Bandit classes

Bandit agents that implement various strategies.

class bandit.bandit.BaseBandit(environment: bandit.environment.Environment, values: List[float] = None)[source]

Base class for all bandit agents.

action(i: int = None) → float[source]

Take an action. :param i: action to take :type i: int

Returns:(float) reward of the taken action
update_history_and_values(choice: int, reward: Union[float, int]) → None[source]

Update the histories and the value estimates. This base class assumes a sample mean estimate for the values. Different strategies require overwriting this function.

Parameters:
  • choice (int) – choiec of action taken
  • reward (Union[float, int]) – reward recieved
class bandit.bandit.CustomBandit(environment: bandit.environment.Environment, values: List[float] = None)[source]
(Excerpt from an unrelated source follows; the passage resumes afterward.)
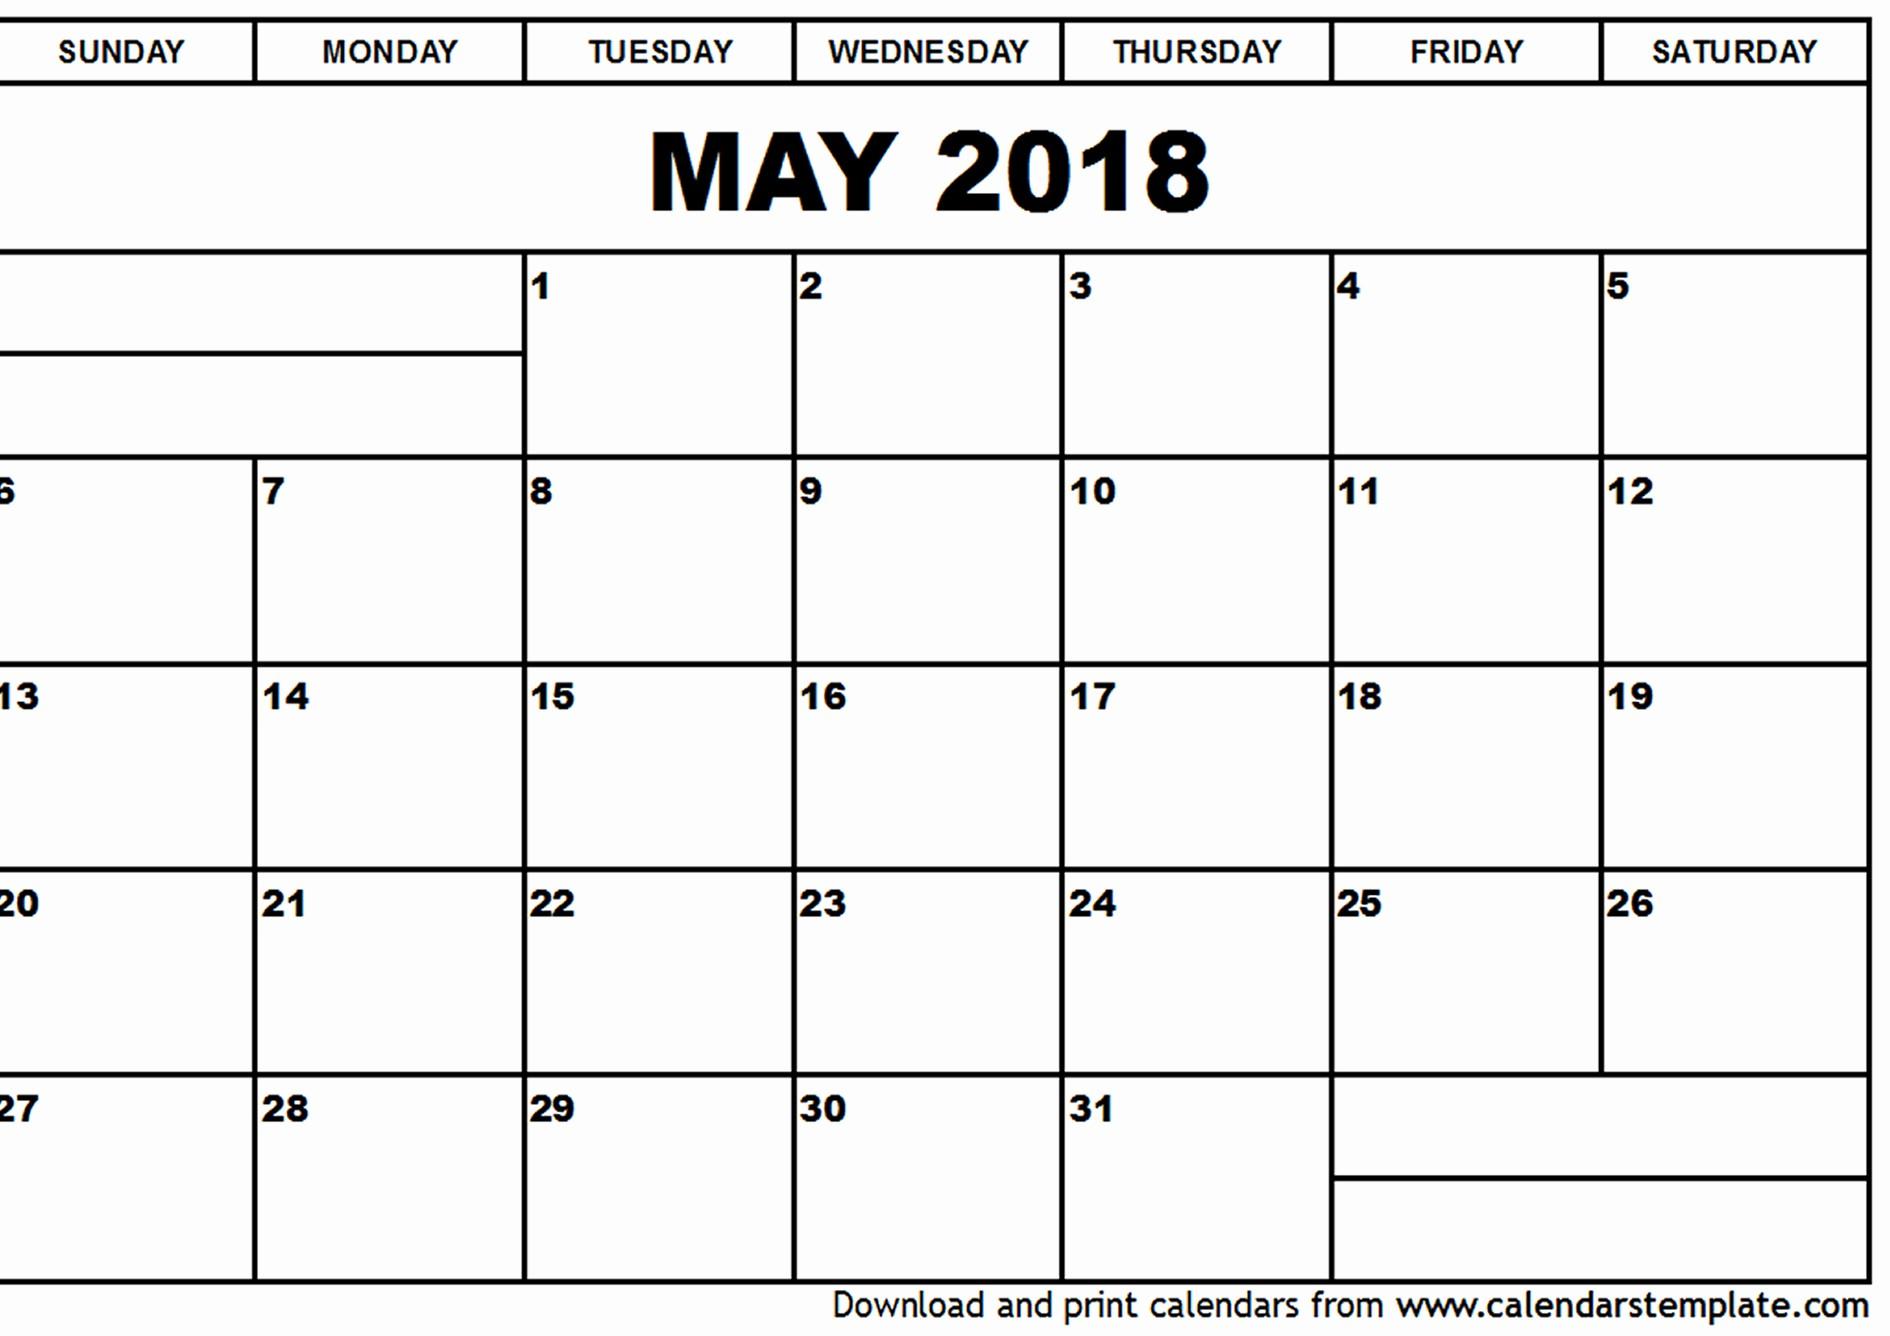 Free May 2018 Calendar Template Beautiful May 2018 Calendar Template

Wrapper around the BaseBandit for creating custom bandit subclasses.

class bandit.bandit.EpsGreedyBandit(environment: bandit.environment.Environment, eps: float, values: List[float] = None)[source]

Epsilon-Greedy bandit, that makes a random choice 100*episilon percent of the time for exploration and acts greedily the rest of the time.

Parameters:eps (float) – fraction of time taking exploratory actions
choose_action(*args, **kwargs) → int[source]

Choose a random action 100*self.eps percent of the time and otherwise take greedy actions.

Returns:(int) action choice
class bandit.bandit.GreedyBandit(environment: bandit.environment.Environment, values: List[float] = None)[source]

Greedy bandit that always selects the optimally valued action.

choose_action(*args, **kwargs) → int[source]

Choose the action with the highest value. In case of any ties, return a random selection.

Returns:(int) action choice
class bandit.bandit.RandomBandit(environment: bandit.environment.Environment, values: List[float] = None)[source]

A totally random bandit with no strategy. Actions are selected randomly.

choose_action(*args, **kwargs) → int[source]

Choose a random action.

Returns:(int) action choice